Most of the people who read this column are not first time homebuyers. The fact of the matter is many of you that are first time homebuyers and reading this article are relatively mature individuals who are fighting off your commitment fears of being tied to a mortgage. But there is a huge segment of the population that could buy their first home, yet it doesn’t occur to them to do so. Who are these people? Well, it’s your 24 year old son or daughter, new to the work force, and is throwing away money on rent somewhere. Encouraging your children to buy a home when they are young is some of the soundest financial advice you can give them. Equity in a home is an easy way to grow one’s portfolio with very little investment. But the fact of the matter is it doesn’t occur to most of us to encourage the younger generation to buy early in their lives. And trust me, it rarely occurs to our kids themselves to consider buying a home in the early twenties. They are more concerned with buying a new Halo 3 for their Xbox.

Why do so many people miss the boat on this opportunity? It could be they plan to be in the area for only a short time because they will job hop to advance their career, thus viewing a mortgage as “too permanent.” I counter to simply sell the house when you move. Or maybe they expect their income to double or triple over the next three years. I say buy a home now, then upgrade to a new home; sell or rent the old house. Investing in real estate is a proven, safe and solid return on investment. And with the right combination of credit history (or a history of paying utilities, cable and your cell phone on time) and no money down, you or someone you care about can start investing in the future.

When Junior starts his new job at the company and 401(K) is available, he’s been informed by his folks, boss or peers to enroll and contribute at least a little something to it with every paycheck. Yet, he is rarely counseled quit renting that apartment for $750 a month and buy a $75,000 house. Where will he come up with the money to do it? There are multiple options for first time buyers that allow for 100% financing. Get the seller to kick in house closing costs (up to 6% of sales price with some products), and one can close on a loan and bring no funds to the table. If your home value appreciates 4% in the next year, that’s a nice return on a no cash investment.

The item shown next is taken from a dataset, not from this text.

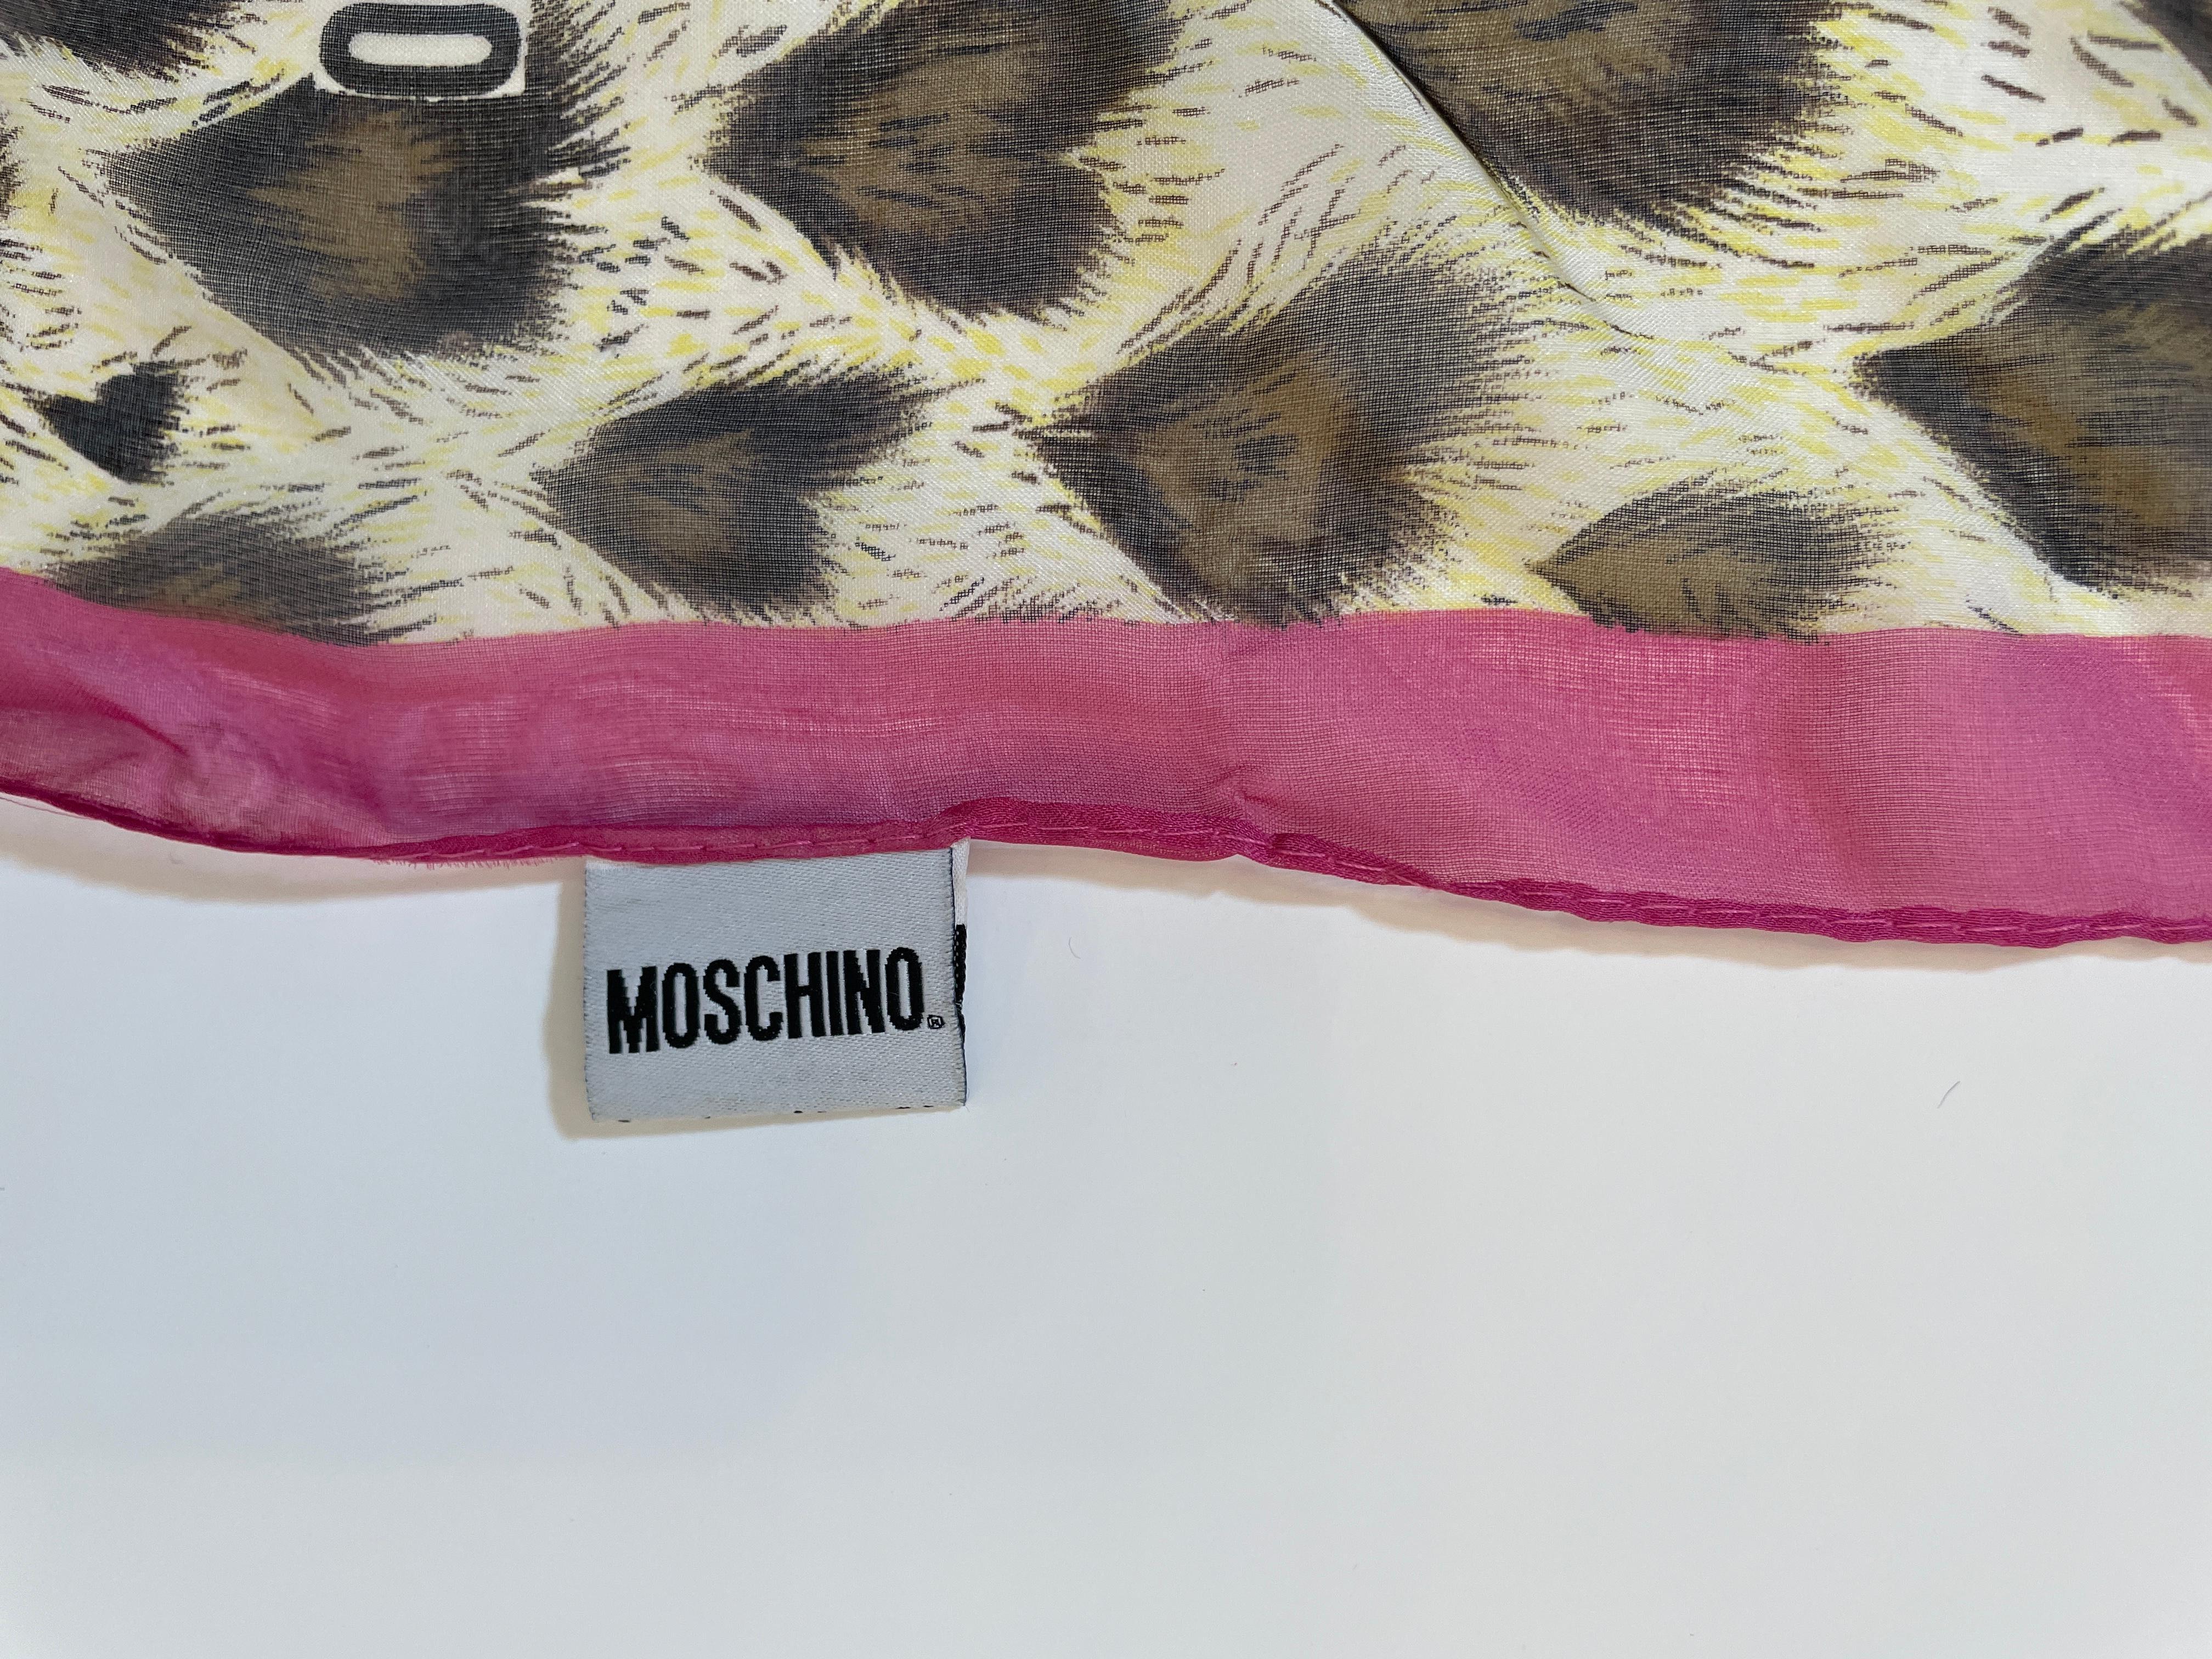 Moschino Animal Print Silk Scarf Made In Italy Pink And Brown 1990s Head Wrap For Sale 2

For some time, I’ve considered writing this series for first time buyers to let them know buying a home is easier than they think. But, the more I thought about it, the more I realized the advice I would offer would most likely not reach my target audience. So parents, it is up to you to supply your kids with this last little bit of advice and help to set them free to further establish their independence in this world. Clip this article out and tape it to their iPOD or the steering wheel of their car – someplace it will get noticed.

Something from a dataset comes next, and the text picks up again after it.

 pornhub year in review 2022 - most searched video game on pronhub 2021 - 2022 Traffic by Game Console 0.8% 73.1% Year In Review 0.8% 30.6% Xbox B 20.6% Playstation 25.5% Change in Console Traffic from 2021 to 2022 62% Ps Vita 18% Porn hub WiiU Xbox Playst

I think for most of us who have been through the experience, our first home buy was a very daunting experience. There are so many choices and unknowns – it can be overwhelming. In this series, I will try to break it down the process into small logical steps and make it easier understand the steps involved in financing your first home. Where do you start? That is perhaps the easiest part. Our newly established worker should first make a list of all his or her debt obligations such as student loans (unless deferred), car payments, credit card debt, etc. Hopefully at this age, this will be a small list. Then add what you think amount you could afford for a mortgage. Take that amount and divide it by your gross monthly income. If you come in at 43% or less, you’re in business. If you have something in your savings or checking – great. If not, don’t let it deter you. You have options.

Contact a mortgage specialist to drill out the details and find a good realtor who knows your market for housing you can afford.